#### Extracted data

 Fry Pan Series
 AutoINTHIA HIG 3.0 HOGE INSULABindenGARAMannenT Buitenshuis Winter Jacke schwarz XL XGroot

--

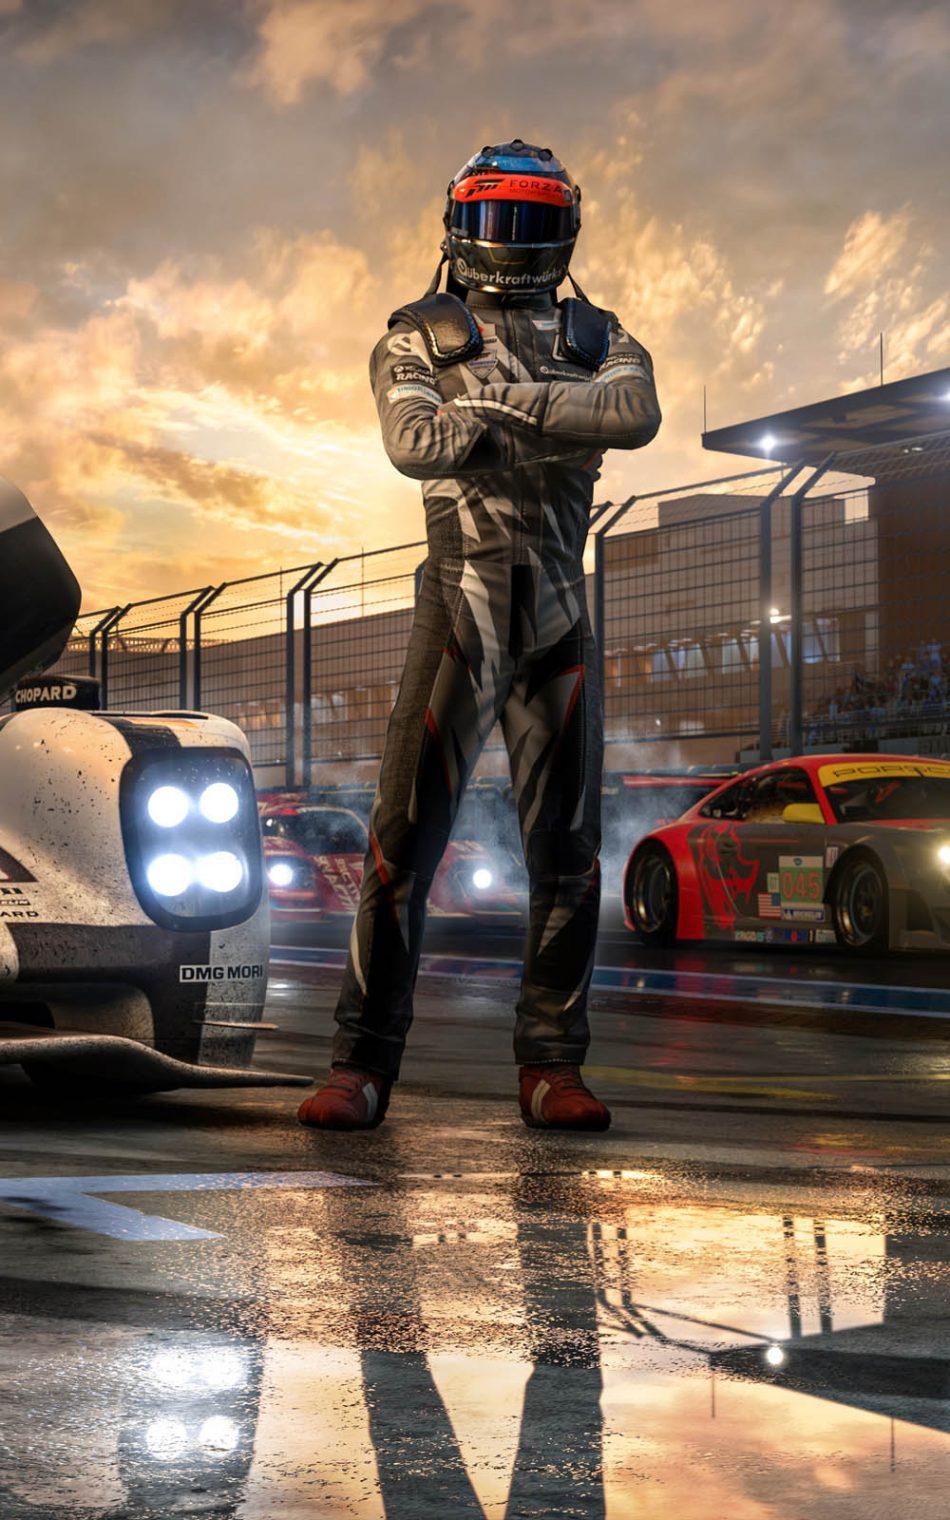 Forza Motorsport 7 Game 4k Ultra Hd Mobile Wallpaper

---

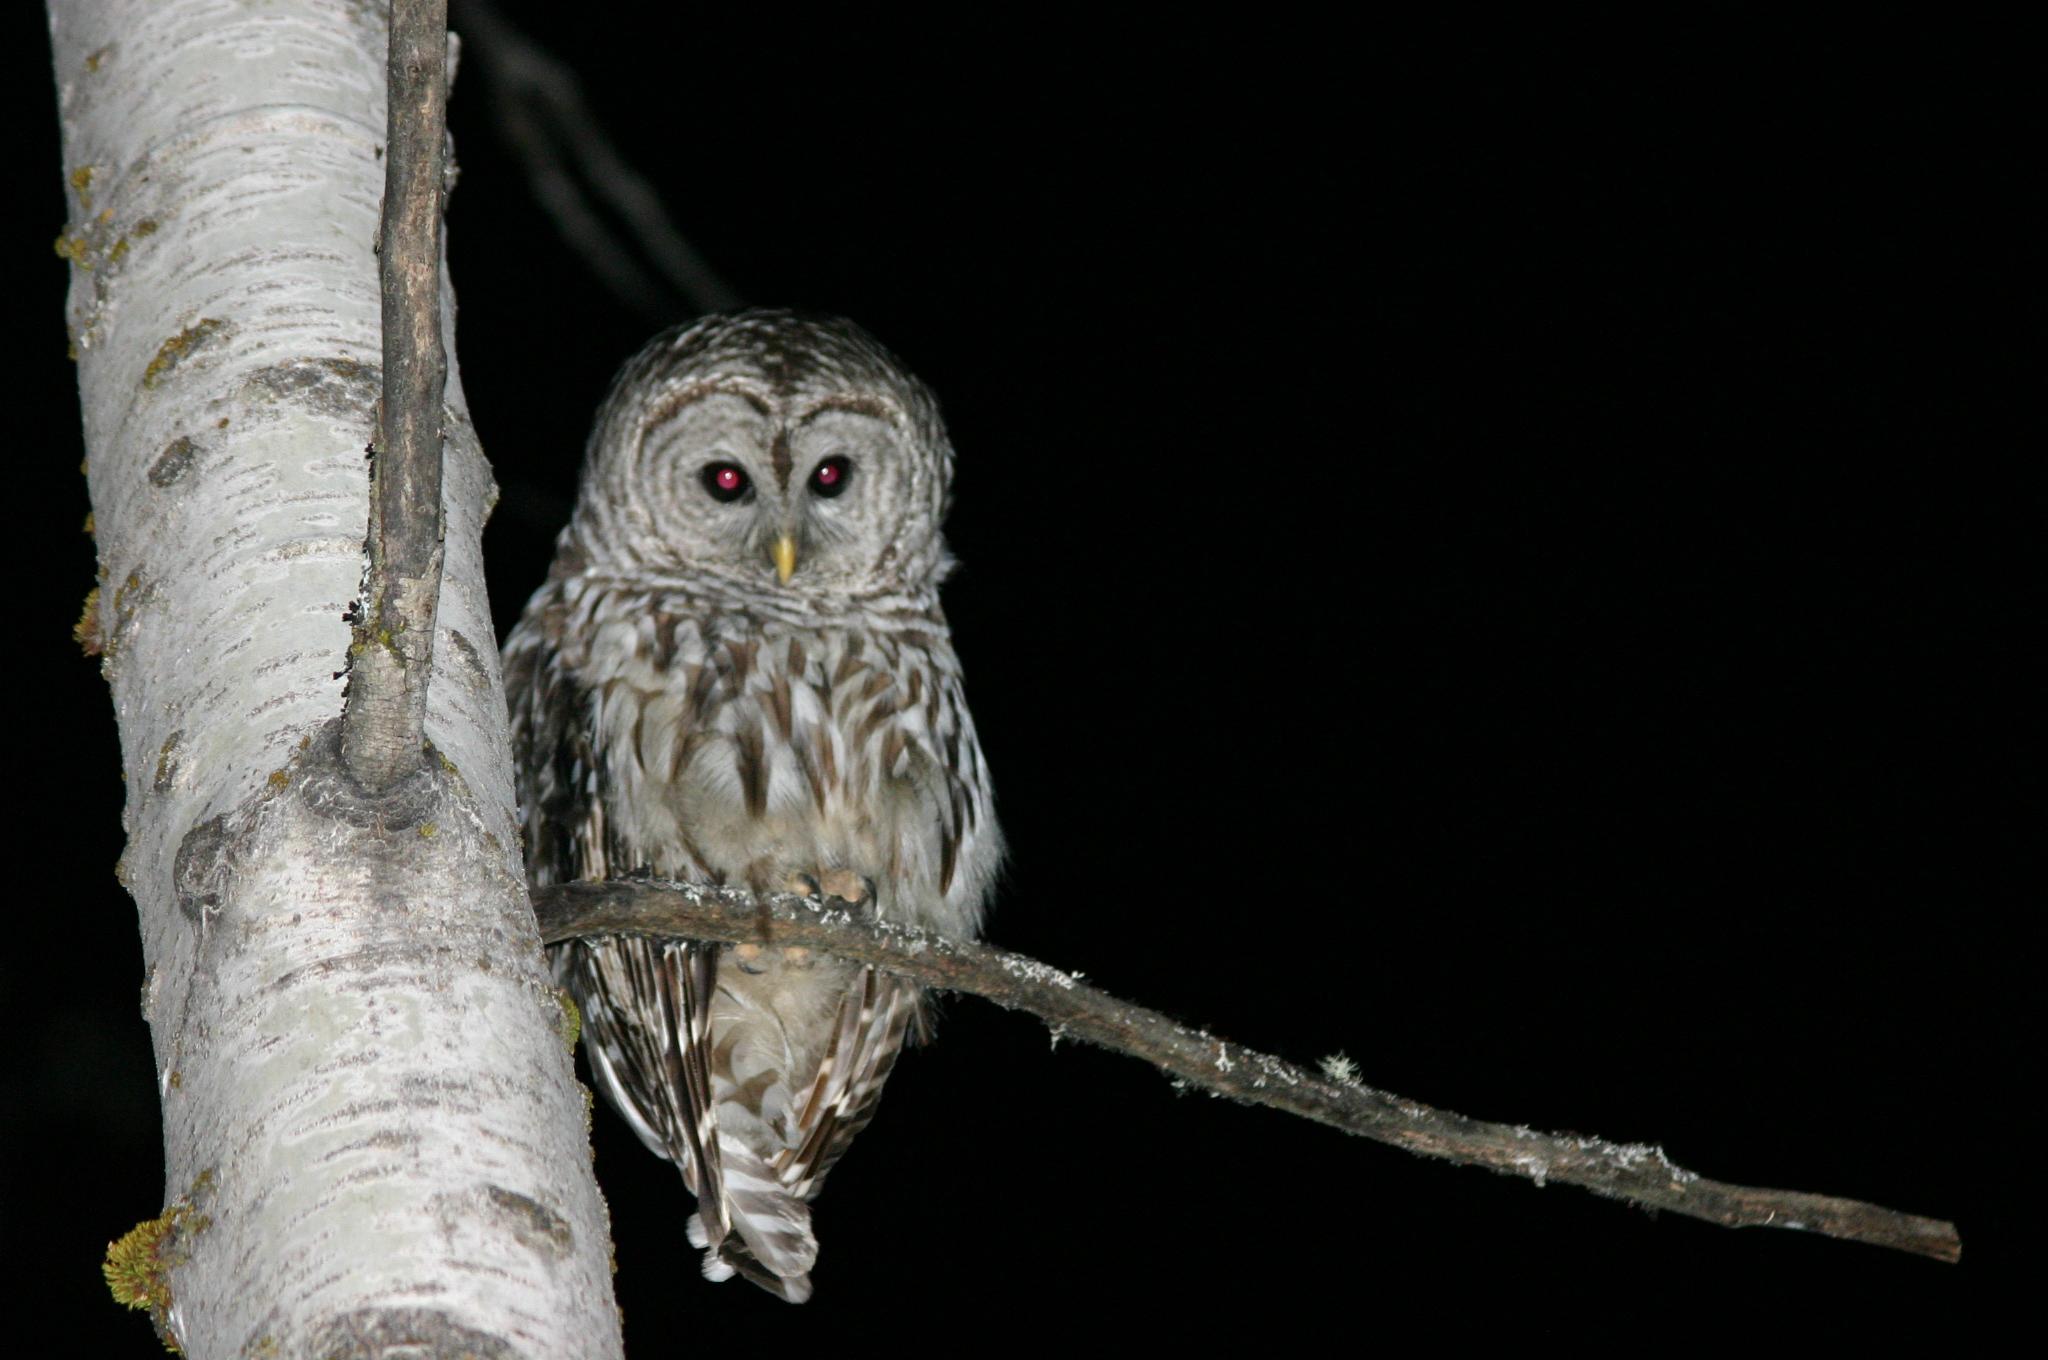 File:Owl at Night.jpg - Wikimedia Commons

#### Task description
Reproduce exactly, and only, the part of the listing above that begins at the line with "Fry Pan Series" and goes on through the line with "AutoINTHIA HIG 3.0".

#### Solution to the exercise
 Fry Pan Series
 AutoINTHIA HIG 3.0 HOGE INSULABindenGARAMannenT Buitenshuis Winter Jacke schwarz XL XGroot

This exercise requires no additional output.